Le grand départ pour les Antilles vers La Barbade est le 9 déc. Nous avons fait nos formalités de sortie pour remettre à qui de droit de l’autre côté de l’Atlantique. Avec un peu de trémolo, nous larguons les amarres vers 15h. Nous sommes trois voiliers à quitter au cours de la même heure. Nous nous perdrons de vue rapidement de vue parce que l’un se rend au Brésil, nous sur la Barbade et l’autre sur la Martinique. Une dizaine de degrés à tribord et à bâbord y fait.
Nous prendrons 16 jours et demi pour traverser l’Atlantique vers l’arc Antillais avec en prime une aventure imprévue.
Le 9 déc., entre les îles du Cap vert, le vent s’accélère à 20 noeuds sans houle. Nous filons et c’est bon. À peine sortis du couloir, une dorade s’offre à nous pour souper. Heureux sommes- nous dans cette généreuse mer. La houle s’installe rapidement lorsque nous laissons les îles. Nous installons le foc tempête pour diminuer le roulis, mais c’est plus ou moins efficace attendu que la houle vient de si haut dans le nord et que le vent la maintient.
Le 10 déc., Michel décide de faire une route plus sud dans les alizés afin d’éviter les forts vents prévus de 30 noeuds plus au nord et d’éviter les dépressions qui se comblent rapidement sur elles-mêmes. Le soleil tape fort, nous installons une toile pare-soleil. Ouf ! c’est mieux pour nos cocos et notre peau. Ne vous inquiétez pas, nous sommes crémées jusqu’aux orteils à la 30 s’il vous plaît et nous buvons beaucoup d’eau. Le vent passe davantage à l’est une partie de la journée puis revient au NE de 10 à 15 noeuds. Nous filons toujours de 5à 7 noeuds avec des surfs à 9 noeuds. Nos quarts de surveillance à Danielle et moi se partagent au gré de notre état de fatigue.

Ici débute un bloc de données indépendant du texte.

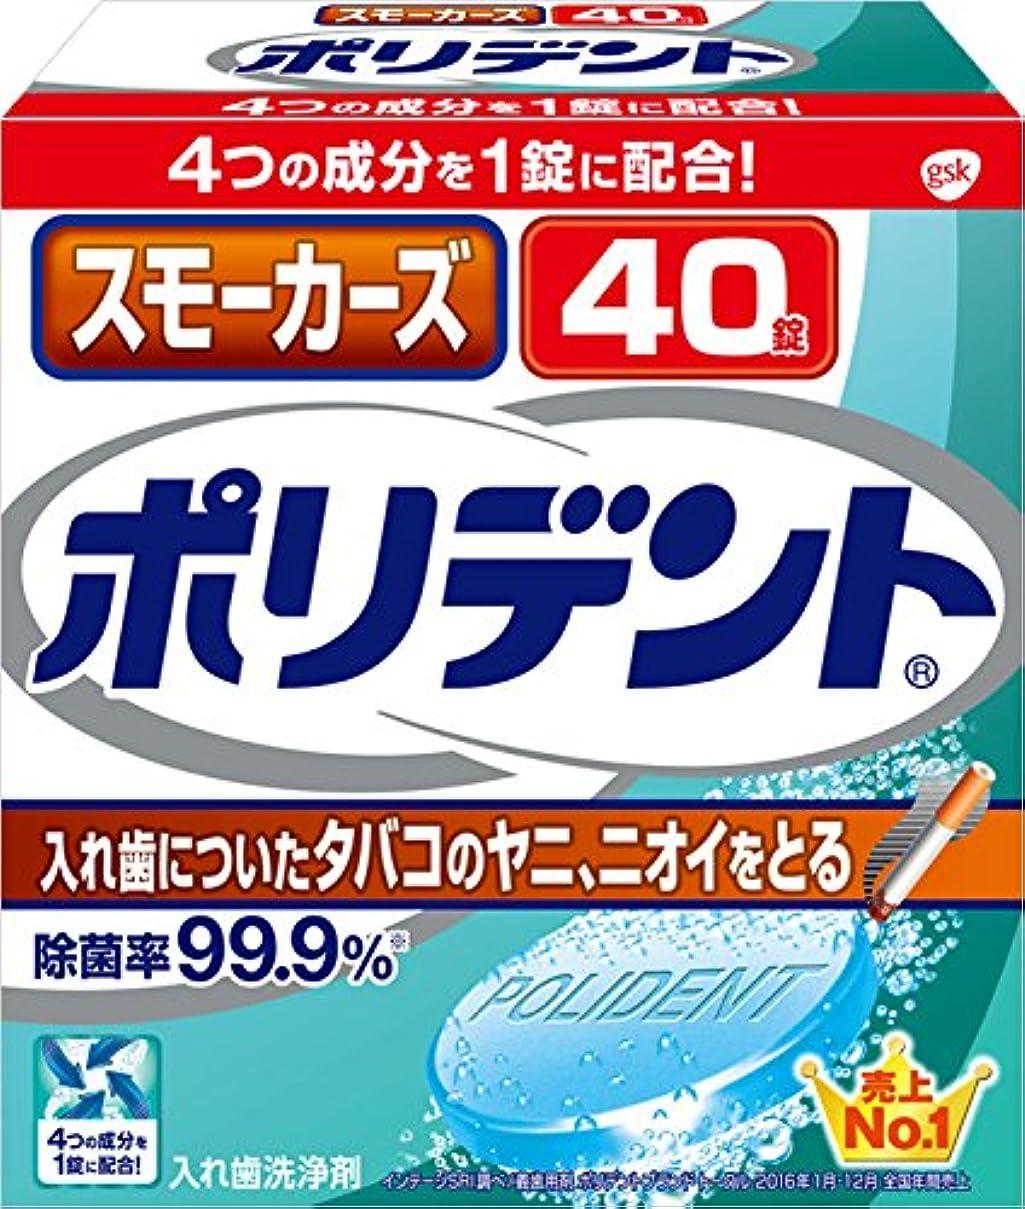 貫通する回転させるスロー入れ歯洗浄剤 スモーカーズ ポリデント 40錠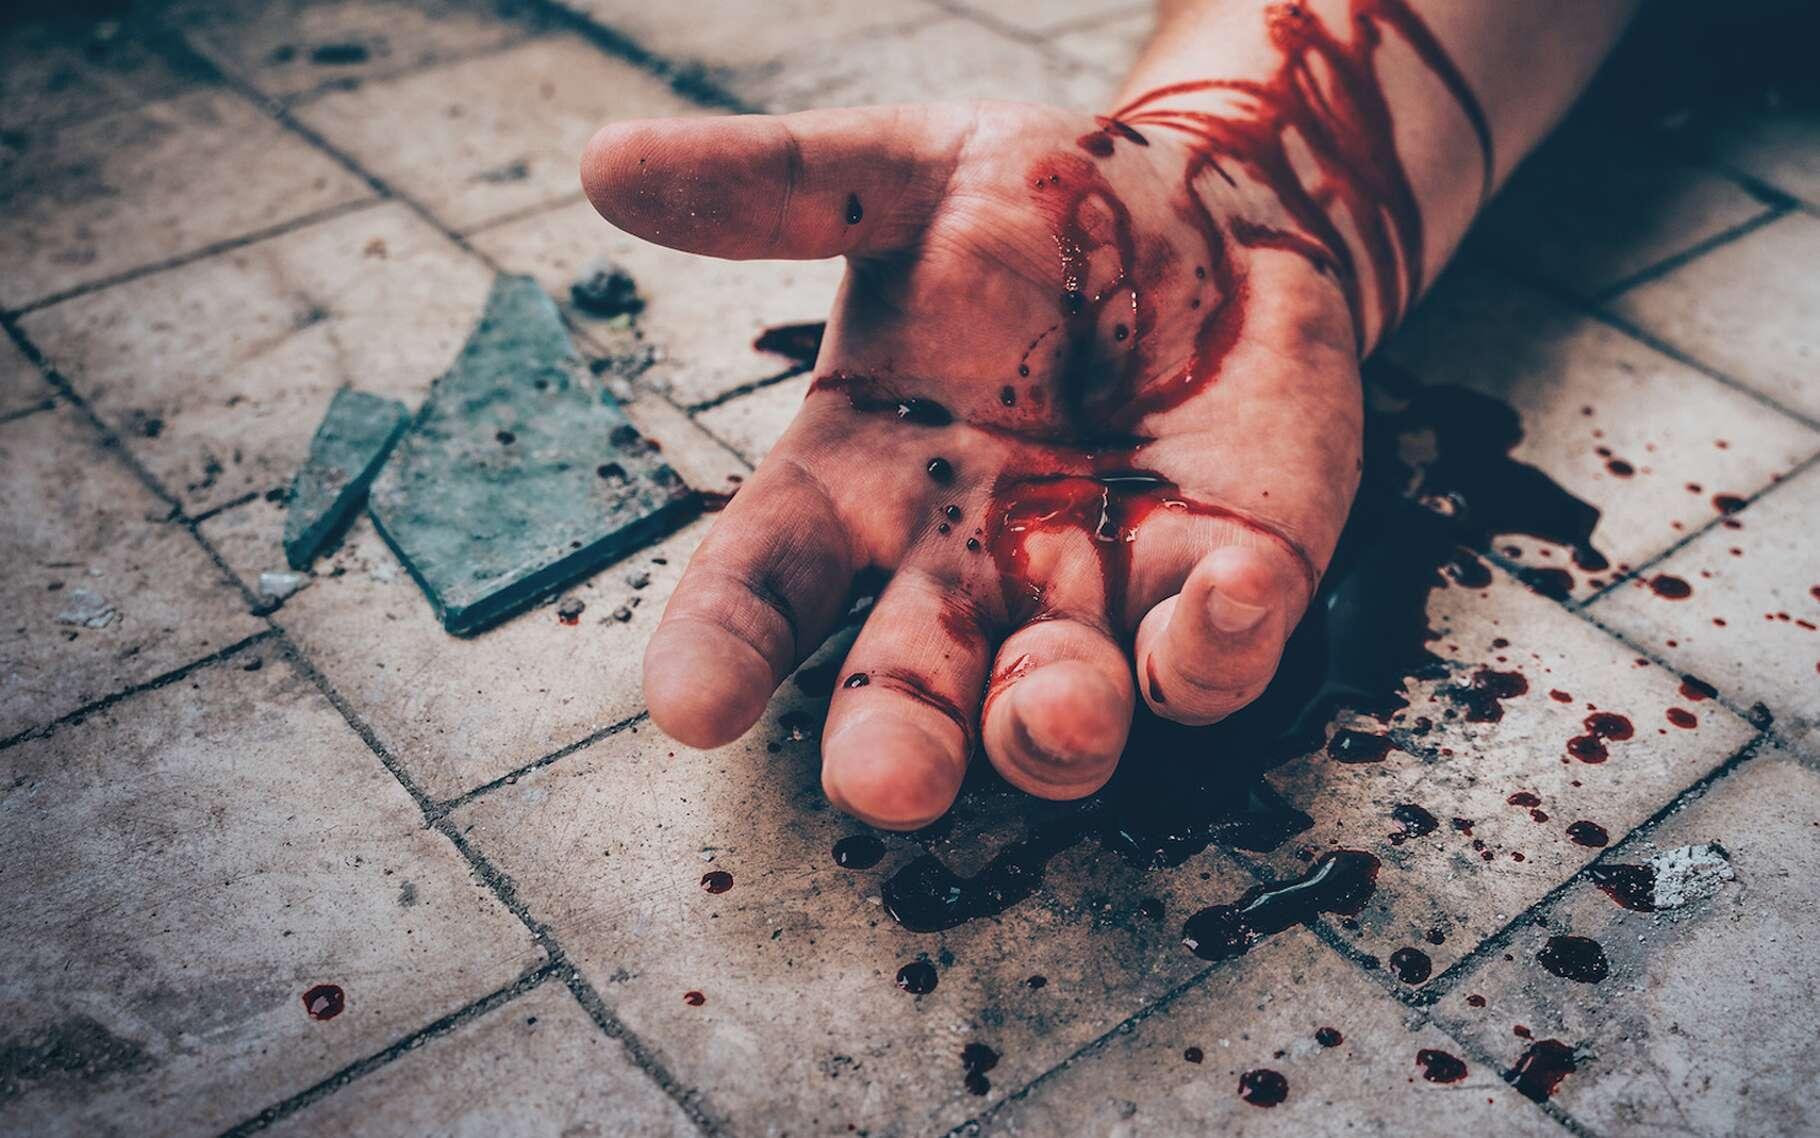 Les découvertes d'Alyson Wilson, experte en criminologie, sur le mouvement des cadavres pourraient remettre en question certaines analyses de scènes de crime. © DedMityay, Fotolia

Le 11 déc., nous aurons une autre journée costume de bain. Comme la houle persiste, nous nous obligeons à porter notre harnais à chaque fois que nous allons sur le pont avant. Vaut mieux cela que d’effectuer les manœuvres de l’homme à la mer que nous récapitulons d’ailleurs. Nous assistons à notre spectacle de dauphins vers 14h et vers 16h, un navire apparaît à l’horizon. Il se dandine en traçant des demi-cercles tout en se rapprochant de nous. Michel communique sur le canal 16 avec ce navire. C’est un pêcheur Espagnol qui lance et reprend ses filets. Il livre son poisson au Cap vert à 200milles.
Comme le poulet a décongelé tranquillement, que nous avons encore une belle dorade et qu’il vaut mieux cuisiner tôt dans la journée, je le fais cuire au presto puis il se conservera sous vide 24 heures, grâce à la cuisson sous pression. La bouffe à bord doit être planifiée parce que le temps et le cœur sont plutôt imprévisibles.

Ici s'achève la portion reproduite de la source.